Failure of the Nuclear Nonproliferation Treaty Review Conference Leaves Humanity Increasingly Vulnerable

The failure of the NPT Review Conference reflects that the TPNW states need to acquire more international support.

Joseph Gerson

The failure of the Nuclear Nonproliferation Treaty Review Conference to adopt a final conference statement adopting specific goals and deadlines for further disarmament weakens humanity’s ability to defend itself against the existential and increased danger of nuclear war. (The conference was held at the United Nations in New York, August 2-26)

To reduce the risk of nuclear war and to win meaningful nuclear disarmament, the world’s nuclear disarmament movements urgently need to develop methods to mobilize the massive popular support without which humanity will continue to hurtle toward nuclear Armageddon.
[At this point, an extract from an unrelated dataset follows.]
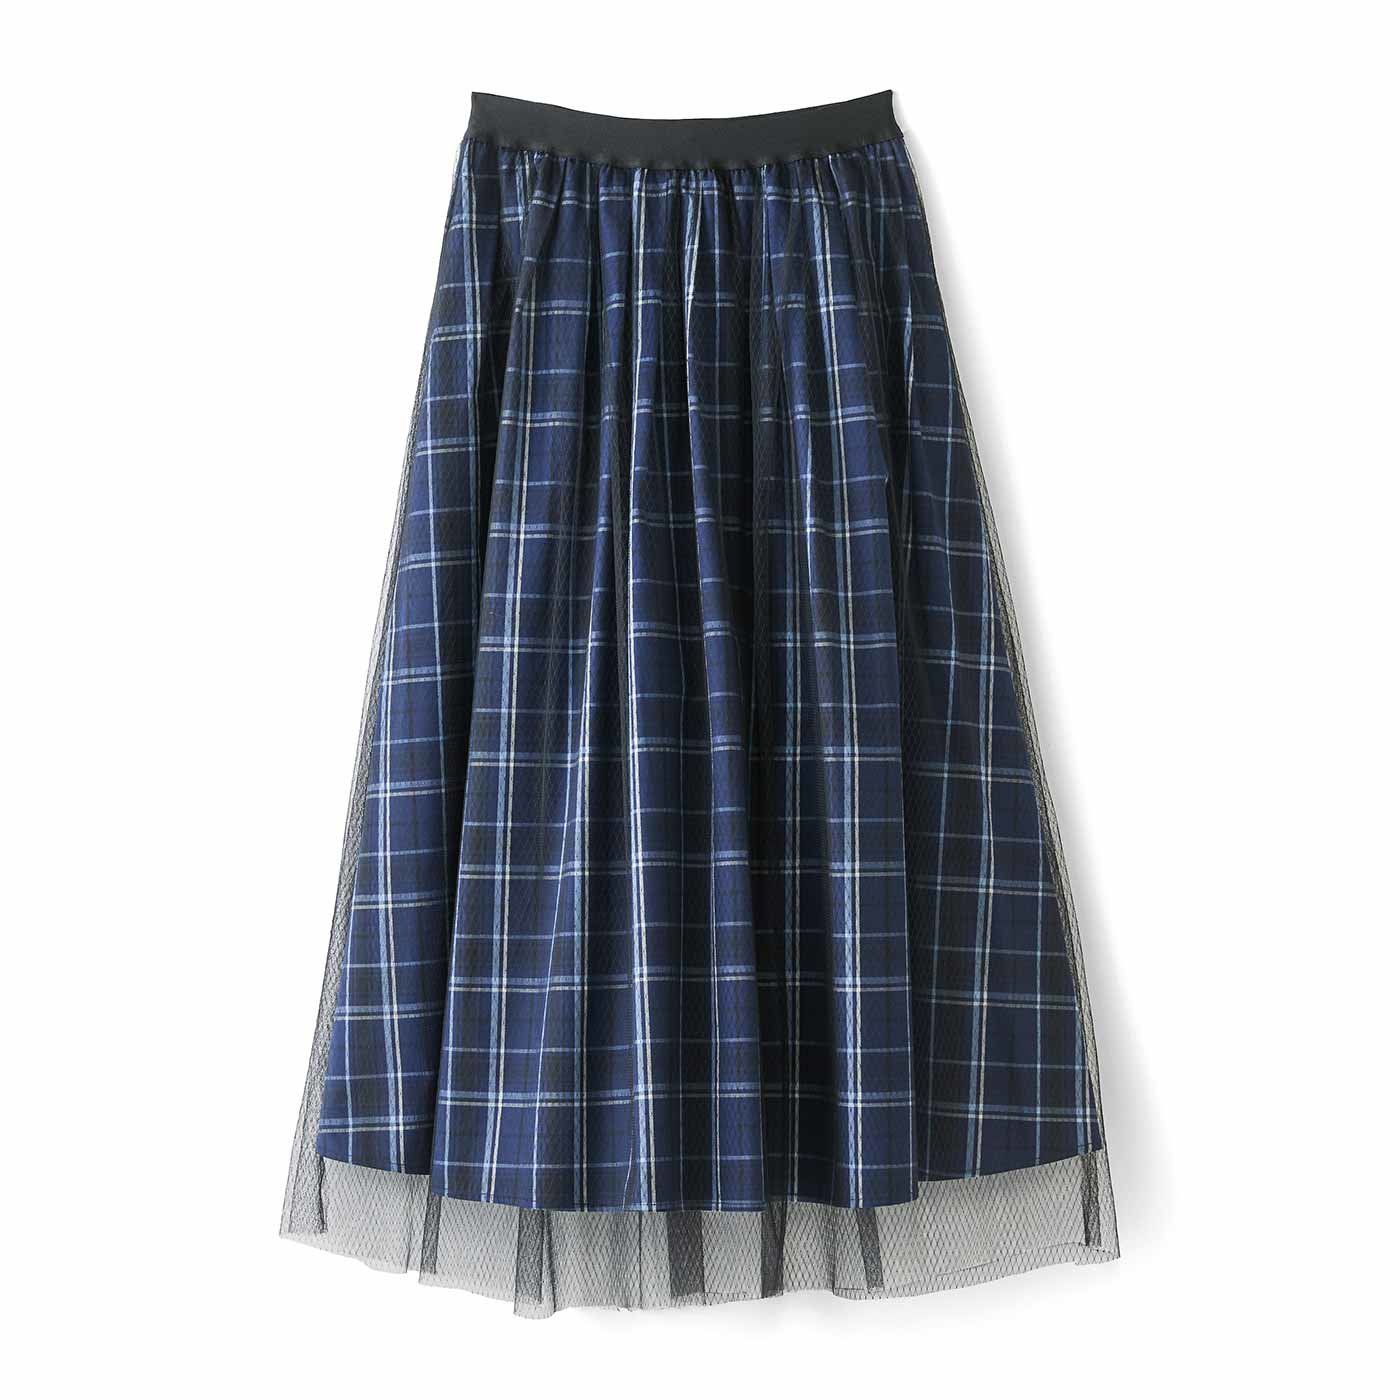 IEDIT[イディット] チュールレイヤードのチェック柄ロングスカート〈ネイビー〉

Given the history of the initial nuclear weapons states in their resistance to fulfilling their Treaty obligations, including their Article VI commitment to engage in good faith negotiations for complete nuclear disarmament, the failure of the conference came as no surprise. Even before the fate of the conference was sealed by Russia’s veto of the draft final statement, it had been so watered down as to be almost meaningless. Reflecting the new Cold War environment that has been crystallized by Russia’s illegal and brutal invasion, the conference began inauspiciously with the United States, Britain and France, each of which have prepared and/or threated to initiate nuclear attacks during wars and crisis, shamelessly pressing to distinguish between their “responsible” use of nuclear threats for “defensive purposes and Moscow’s “irresponsible” offense nuclear threats in the Ukraine War.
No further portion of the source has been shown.